Тут мы вступаем в абсолютно противоречивую область, куда мне сейчас не хотелось бы углубляться. Мы поступим разумно, если вернемся к более элементарным задачам и поговорим о том, как мы вообще пришли к мысли о существовании такого женского архетипа.

Пока архетип не проецируется, пока остается заключенным в предмете любви или ненависти, он не до конца тождественен индивидууму и вынуждает последнего изображать себя. В таких обстоятельствах мужчина начинает представлять аниму. В нашем языке давно существует слово, которое прекрасно характеризует эту установку, – «одушевление»[71]. Толковать это слово лучше всего как «одержимость анимой». Речь в данном случае идет о необузданных эмоциях. Слово Animosität употребляют, разумеется, в смысле неприязненной эмоциональности, но на самом деле анима может опираться и на позитивные чувства[72].

Самообладание – типично мужской идеал. Оно достигается за счет вытеснения перепадов настроения. Чувствительность же – специфически женская добродетель; поскольку мужчина для достижения идеала мужественности подавляет в себе все женские черты, которыми он обладает так же, как женщина обладает чертами мужскими, постольку он вытесняет известные душевные движения как проявления женской слабости. Тем самым он накапливает в своем бессознательном женственность, сентиментальность, которые, когда мужчина раскрывается, выдают в нем присутствие женской сущности. Известно, что этим отличаются крайне мужественные мужчины, которые сильнее всего подавляют в себе женские чувства. Данным фактом можно объяснить, с одной стороны, значительное преобладание самоубийств среди мужчин, а с другой стороны, необычную силу духа и твердость, которые проявляют именно самые женственные женщины. Если мы тщательно исследуем несдерживаемые эмоции мужчин и попытаемся реконструировать вероятную личность, которая способна порождать такие эмоции, то, скорее всего, обнаружим женскую фигуру, каковую я и обозначаю как аниму. Отсюда древняя вера о душе в женском роде – psyche или anima, а церковь в Средние века не без психологических оснований ставила вопрос: «Habet mulier animam?» («Есть ли у женщины душа?»)

У женщин мы сталкиваемся с противоположным явлением. Если у женщины прорывается анимус, то это не чувство, как у мужчин; женщина начинает спорить и резонерствовать. Чувство анимы является произвольным и подверженным перепадам настроения, а женские доводы видятся нелогичными и неразумными. Анимус всегда прав, за ним всегда остается последнее слово, а свои рассуждения он заканчивает утверждением «именно потому». Анима – иррациональное чувство, анимус же – иррациональное суждение.

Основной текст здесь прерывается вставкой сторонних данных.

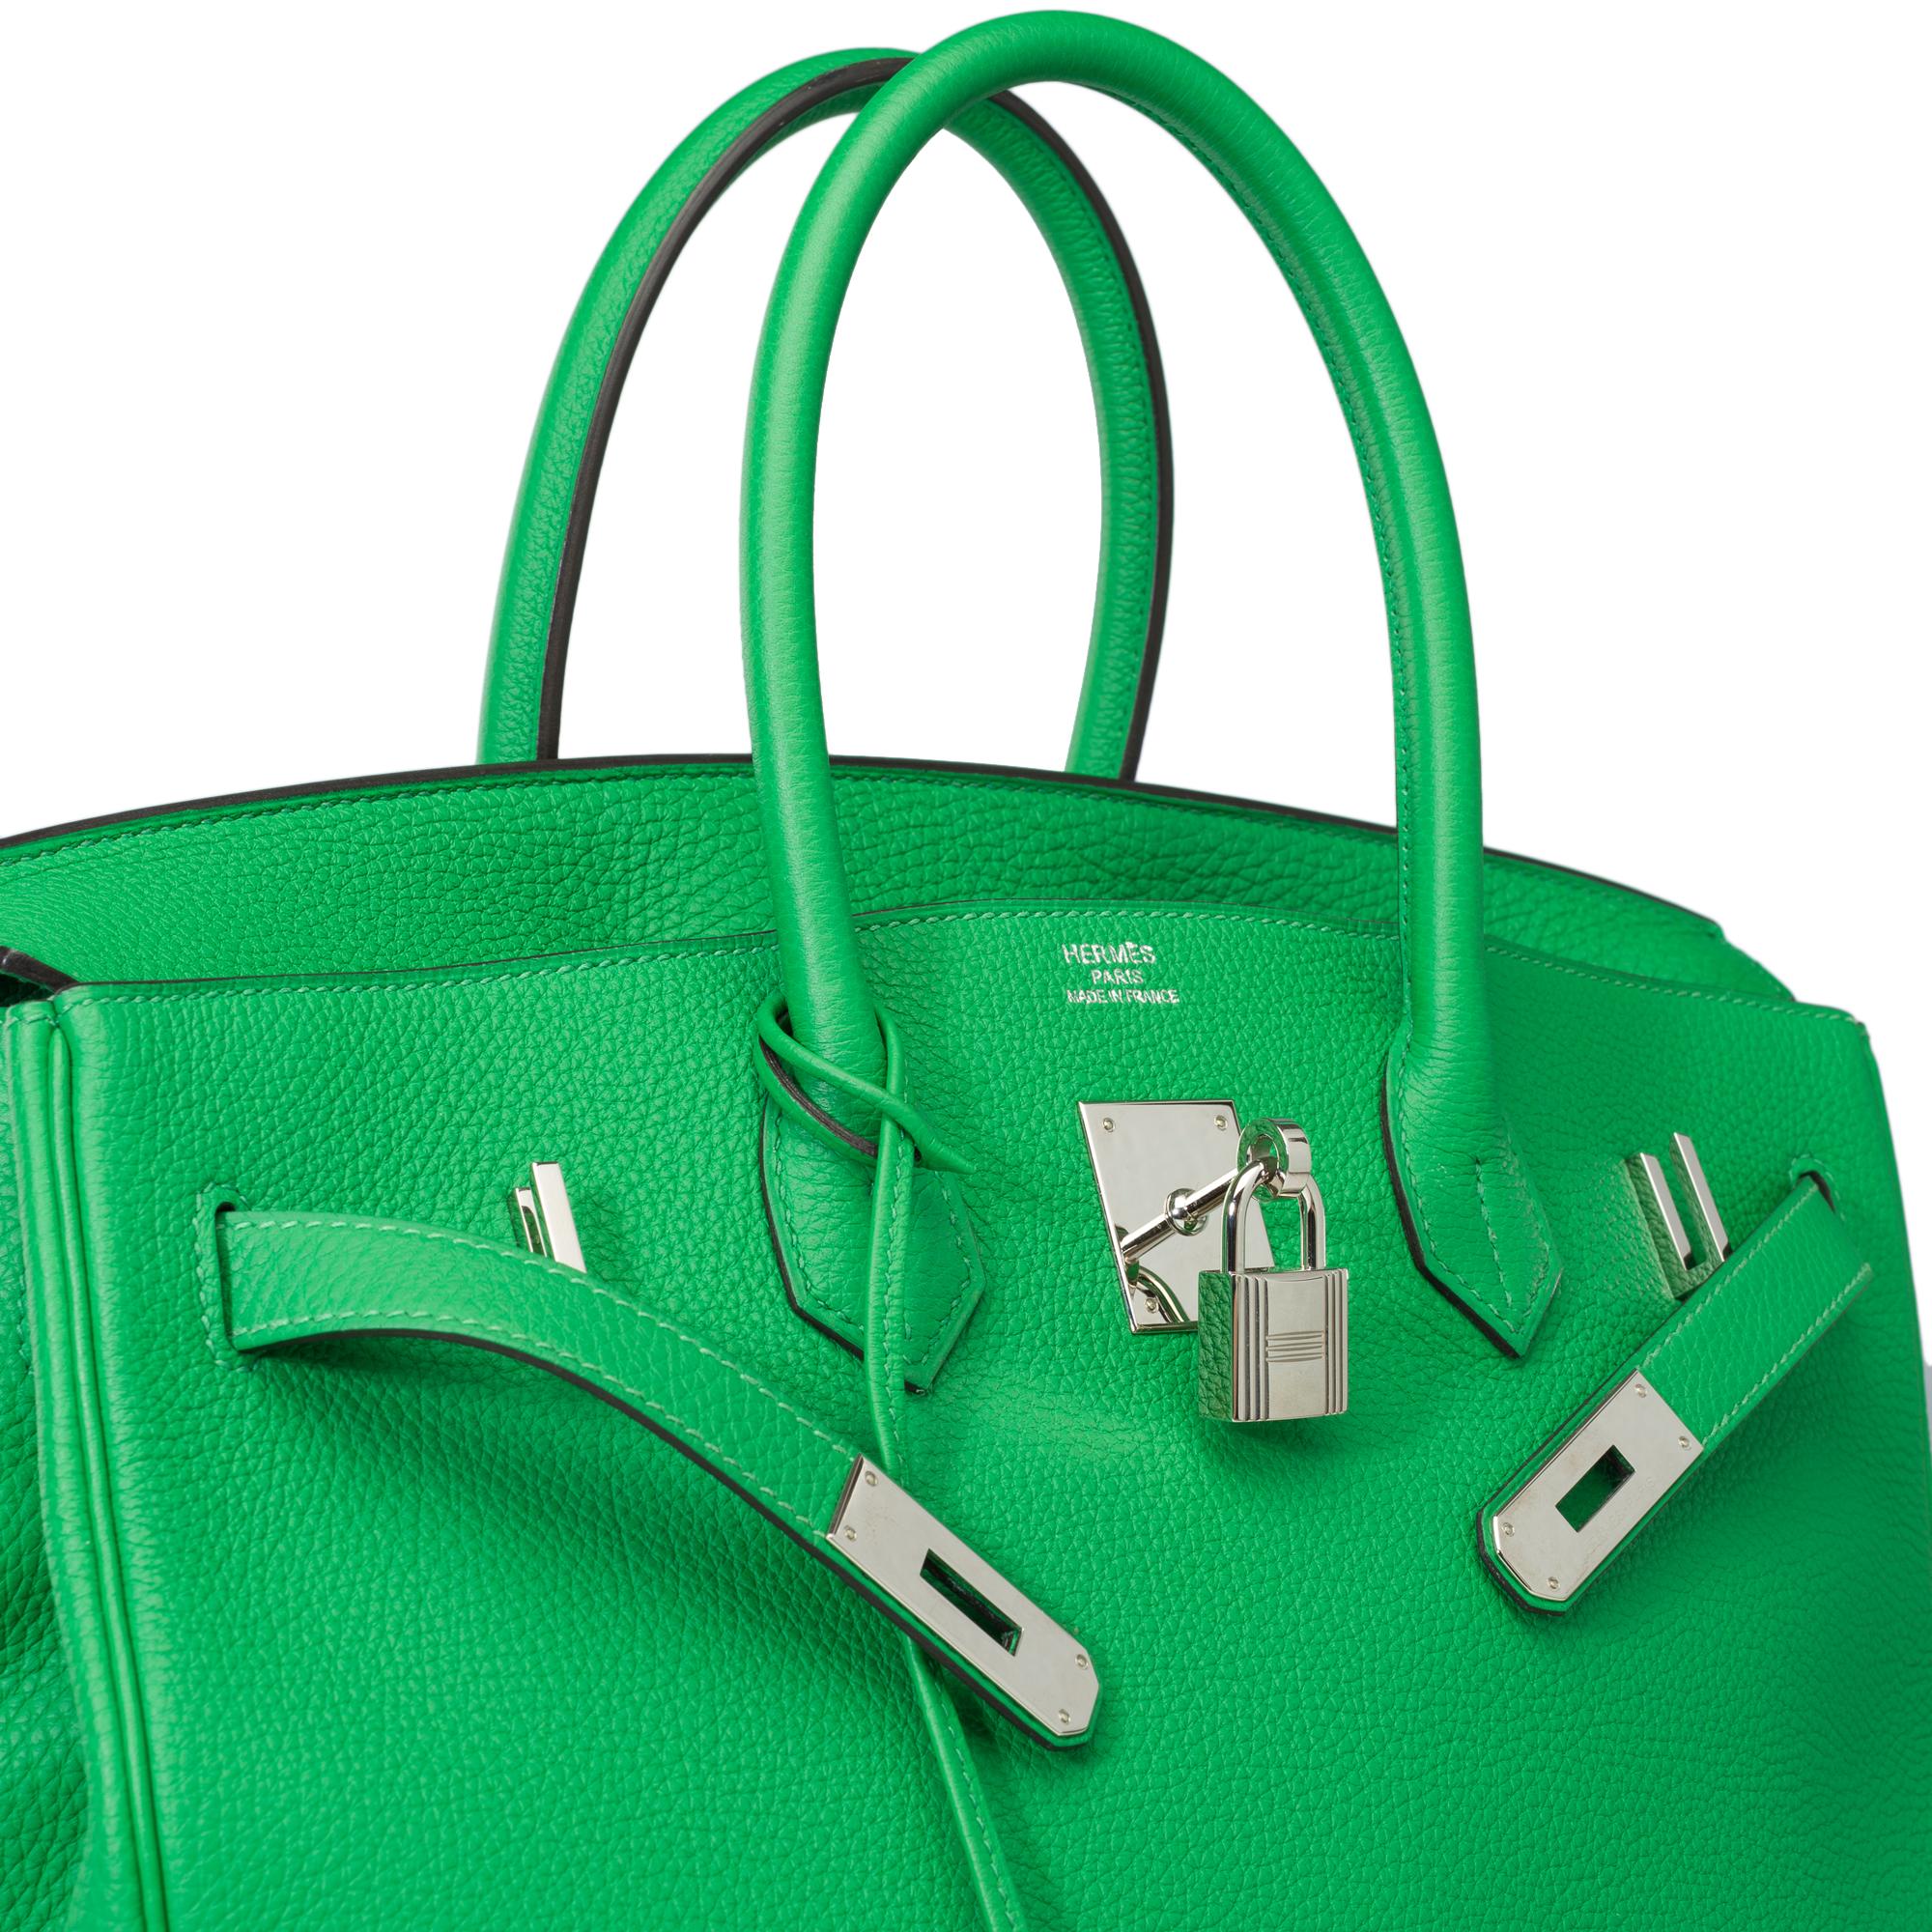 Fantastic Hermès Birkin 35 handbag in Green Bamboo Togo leather, SHW For Sale 4

Насколько подсказывает мой опыт, мужчина всегда лучше понимает, что подразумевает анима, даже подчас составляет себе отчетливый ее образ и способен среди большого числа женщин указать каждый раз ту, которая ближе всего подходит к его типу анимы. Однако лишь с немалым трудом я находил женщин, которые могли бы внятно изложить, что такое анимус, и не наблюдал ни одного случая, когда женщина могла бы указать на конкретную личность с таким анимусом. Отсюда я сделал вывод, что анимус, очевидно, не является определенной мыслимой личностью; иными словами, это не какая-то индивидуальность, а некое множество. Этот факт должен быть связан с особенностями мужской и женской психологии. На биологической ступени главный интерес женщины заключается в том, чтобы удержать одного мужчину, тогда как главный интерес мужчины состоит в том, чтобы завоевать женщину, но по своей природе мужчина редко довольствуется единичным завоеванием. Выходит, для женщины мужская личность играет решающую роль; отношение мужчины к женщине определено значительно меньше, то есть мужчина может видеть «свою» женщину лишь как одну из многих других. Поэтому для мужчины важен юридический и социальный характер брака, в то время как женщина усматривает в нем исключительно личностные отношения. Как правило, сознание женщины замыкается на одном мужчине, а вот сознание мужчины обладает склонностью к расширению, выходящему за пределы личного, каковое в определенных обстоятельствах может стать для мужчины противным. В бессознательном мы, в таком случае, должны ожидать компенсации через противоположность. Получается, что относительно четко очерченная фигура анимы у мужчины наилучшим образом соответствует неопределенному полиморфизму анимуса у женщины.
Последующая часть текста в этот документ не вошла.